■ Task description:
Please quote exactly the lines below from the line containing "Neer Garh Waterfall Overview" to the line containing "Hygiene Bidet Toilet", both lines included, and nothing else.

_ _ _ _ _ _ _

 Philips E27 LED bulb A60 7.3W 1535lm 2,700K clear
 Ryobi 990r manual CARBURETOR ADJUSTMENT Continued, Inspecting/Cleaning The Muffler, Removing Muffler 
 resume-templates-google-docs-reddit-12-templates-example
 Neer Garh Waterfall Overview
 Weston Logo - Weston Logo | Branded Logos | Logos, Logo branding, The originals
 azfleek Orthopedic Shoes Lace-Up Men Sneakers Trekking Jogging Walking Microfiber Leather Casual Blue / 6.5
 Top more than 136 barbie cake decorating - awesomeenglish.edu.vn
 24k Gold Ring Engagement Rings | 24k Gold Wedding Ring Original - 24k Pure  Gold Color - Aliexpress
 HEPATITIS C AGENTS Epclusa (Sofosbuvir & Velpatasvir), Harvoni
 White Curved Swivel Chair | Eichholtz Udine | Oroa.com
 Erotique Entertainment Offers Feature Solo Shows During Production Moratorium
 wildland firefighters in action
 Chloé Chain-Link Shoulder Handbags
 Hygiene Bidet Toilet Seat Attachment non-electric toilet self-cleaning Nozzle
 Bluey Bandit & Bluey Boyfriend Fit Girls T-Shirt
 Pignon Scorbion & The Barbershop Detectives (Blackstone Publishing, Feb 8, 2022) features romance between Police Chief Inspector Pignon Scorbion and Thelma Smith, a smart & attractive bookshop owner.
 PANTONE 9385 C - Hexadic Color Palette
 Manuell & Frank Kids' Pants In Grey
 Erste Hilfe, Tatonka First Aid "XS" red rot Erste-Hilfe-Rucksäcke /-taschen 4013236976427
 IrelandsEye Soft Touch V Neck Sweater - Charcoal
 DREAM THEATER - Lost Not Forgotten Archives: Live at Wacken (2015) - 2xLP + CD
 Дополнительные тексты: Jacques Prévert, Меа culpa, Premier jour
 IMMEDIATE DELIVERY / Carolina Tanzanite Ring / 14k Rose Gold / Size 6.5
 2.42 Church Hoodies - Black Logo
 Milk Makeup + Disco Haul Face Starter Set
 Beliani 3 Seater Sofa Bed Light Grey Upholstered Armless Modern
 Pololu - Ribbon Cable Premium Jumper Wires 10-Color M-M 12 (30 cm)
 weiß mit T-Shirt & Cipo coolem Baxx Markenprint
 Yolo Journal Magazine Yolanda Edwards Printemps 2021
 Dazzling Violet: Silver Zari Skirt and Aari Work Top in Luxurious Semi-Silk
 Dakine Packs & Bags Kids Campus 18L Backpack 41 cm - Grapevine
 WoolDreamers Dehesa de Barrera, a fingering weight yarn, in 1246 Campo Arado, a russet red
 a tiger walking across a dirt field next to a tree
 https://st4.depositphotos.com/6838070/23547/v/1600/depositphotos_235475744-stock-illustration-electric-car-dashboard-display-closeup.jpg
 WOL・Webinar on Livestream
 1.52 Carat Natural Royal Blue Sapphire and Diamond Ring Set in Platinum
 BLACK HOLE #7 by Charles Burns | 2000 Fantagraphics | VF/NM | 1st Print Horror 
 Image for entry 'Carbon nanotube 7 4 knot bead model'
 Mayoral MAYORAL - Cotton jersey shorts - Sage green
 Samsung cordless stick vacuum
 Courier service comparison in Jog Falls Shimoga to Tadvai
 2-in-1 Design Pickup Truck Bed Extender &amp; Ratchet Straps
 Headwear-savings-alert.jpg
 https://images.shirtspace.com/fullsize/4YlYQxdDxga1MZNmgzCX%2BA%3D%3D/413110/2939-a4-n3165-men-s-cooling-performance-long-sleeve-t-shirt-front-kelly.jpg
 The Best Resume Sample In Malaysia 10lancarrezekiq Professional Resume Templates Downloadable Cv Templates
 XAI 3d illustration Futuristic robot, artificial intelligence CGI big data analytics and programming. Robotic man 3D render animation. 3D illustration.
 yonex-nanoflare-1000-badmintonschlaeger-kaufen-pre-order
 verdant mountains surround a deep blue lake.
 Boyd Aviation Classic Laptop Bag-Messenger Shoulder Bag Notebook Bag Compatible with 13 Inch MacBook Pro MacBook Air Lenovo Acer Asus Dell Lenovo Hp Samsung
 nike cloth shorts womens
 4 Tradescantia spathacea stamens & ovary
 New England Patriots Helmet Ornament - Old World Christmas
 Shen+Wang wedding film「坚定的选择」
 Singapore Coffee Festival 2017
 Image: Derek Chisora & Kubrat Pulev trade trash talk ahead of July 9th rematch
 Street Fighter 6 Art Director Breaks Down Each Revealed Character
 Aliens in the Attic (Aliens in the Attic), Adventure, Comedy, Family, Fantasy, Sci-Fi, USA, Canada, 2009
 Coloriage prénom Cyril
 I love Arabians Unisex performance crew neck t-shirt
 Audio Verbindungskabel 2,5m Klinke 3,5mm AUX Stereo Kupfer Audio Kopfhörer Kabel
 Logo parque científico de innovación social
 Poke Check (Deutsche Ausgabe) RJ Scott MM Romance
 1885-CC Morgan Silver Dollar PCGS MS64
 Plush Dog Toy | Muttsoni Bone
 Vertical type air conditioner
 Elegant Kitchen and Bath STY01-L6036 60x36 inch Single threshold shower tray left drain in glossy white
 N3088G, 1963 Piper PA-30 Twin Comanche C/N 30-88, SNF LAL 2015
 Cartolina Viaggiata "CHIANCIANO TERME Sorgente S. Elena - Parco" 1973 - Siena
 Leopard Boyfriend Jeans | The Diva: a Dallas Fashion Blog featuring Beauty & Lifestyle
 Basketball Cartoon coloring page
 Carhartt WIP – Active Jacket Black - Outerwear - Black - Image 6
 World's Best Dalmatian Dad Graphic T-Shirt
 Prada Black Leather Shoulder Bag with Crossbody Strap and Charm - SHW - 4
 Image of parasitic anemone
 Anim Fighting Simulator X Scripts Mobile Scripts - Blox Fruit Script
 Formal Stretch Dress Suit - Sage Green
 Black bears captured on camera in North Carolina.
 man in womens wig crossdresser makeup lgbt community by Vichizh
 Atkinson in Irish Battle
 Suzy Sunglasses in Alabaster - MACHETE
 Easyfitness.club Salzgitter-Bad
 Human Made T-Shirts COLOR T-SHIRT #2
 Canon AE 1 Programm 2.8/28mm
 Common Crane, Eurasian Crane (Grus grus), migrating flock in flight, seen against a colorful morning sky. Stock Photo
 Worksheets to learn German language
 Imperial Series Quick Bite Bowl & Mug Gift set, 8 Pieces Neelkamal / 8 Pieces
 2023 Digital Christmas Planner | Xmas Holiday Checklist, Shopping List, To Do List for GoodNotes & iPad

_ _ _ _ _ _ _

■ Your solution:
 Neer Garh Waterfall Overview
 Weston Logo - Weston Logo | Branded Logos | Logos, Logo branding, The originals
 azfleek Orthopedic Shoes Lace-Up Men Sneakers Trekking Jogging Walking Microfiber Leather Casual Blue / 6.5
 Top more than 136 barbie cake decorating - awesomeenglish.edu.vn
 24k Gold Ring Engagement Rings | 24k Gold Wedding Ring Original - 24k Pure  Gold Color - Aliexpress
 HEPATITIS C AGENTS Epclusa (Sofosbuvir & Velpatasvir), Harvoni
 White Curved Swivel Chair | Eichholtz Udine | Oroa.com
 Erotique Entertainment Offers Feature Solo Shows During Production Moratorium
 wildland firefighters in action
 Chloé Chain-Link Shoulder Handbags
 Hygiene Bidet Toilet Seat Attachment non-electric toilet self-cleaning Nozzle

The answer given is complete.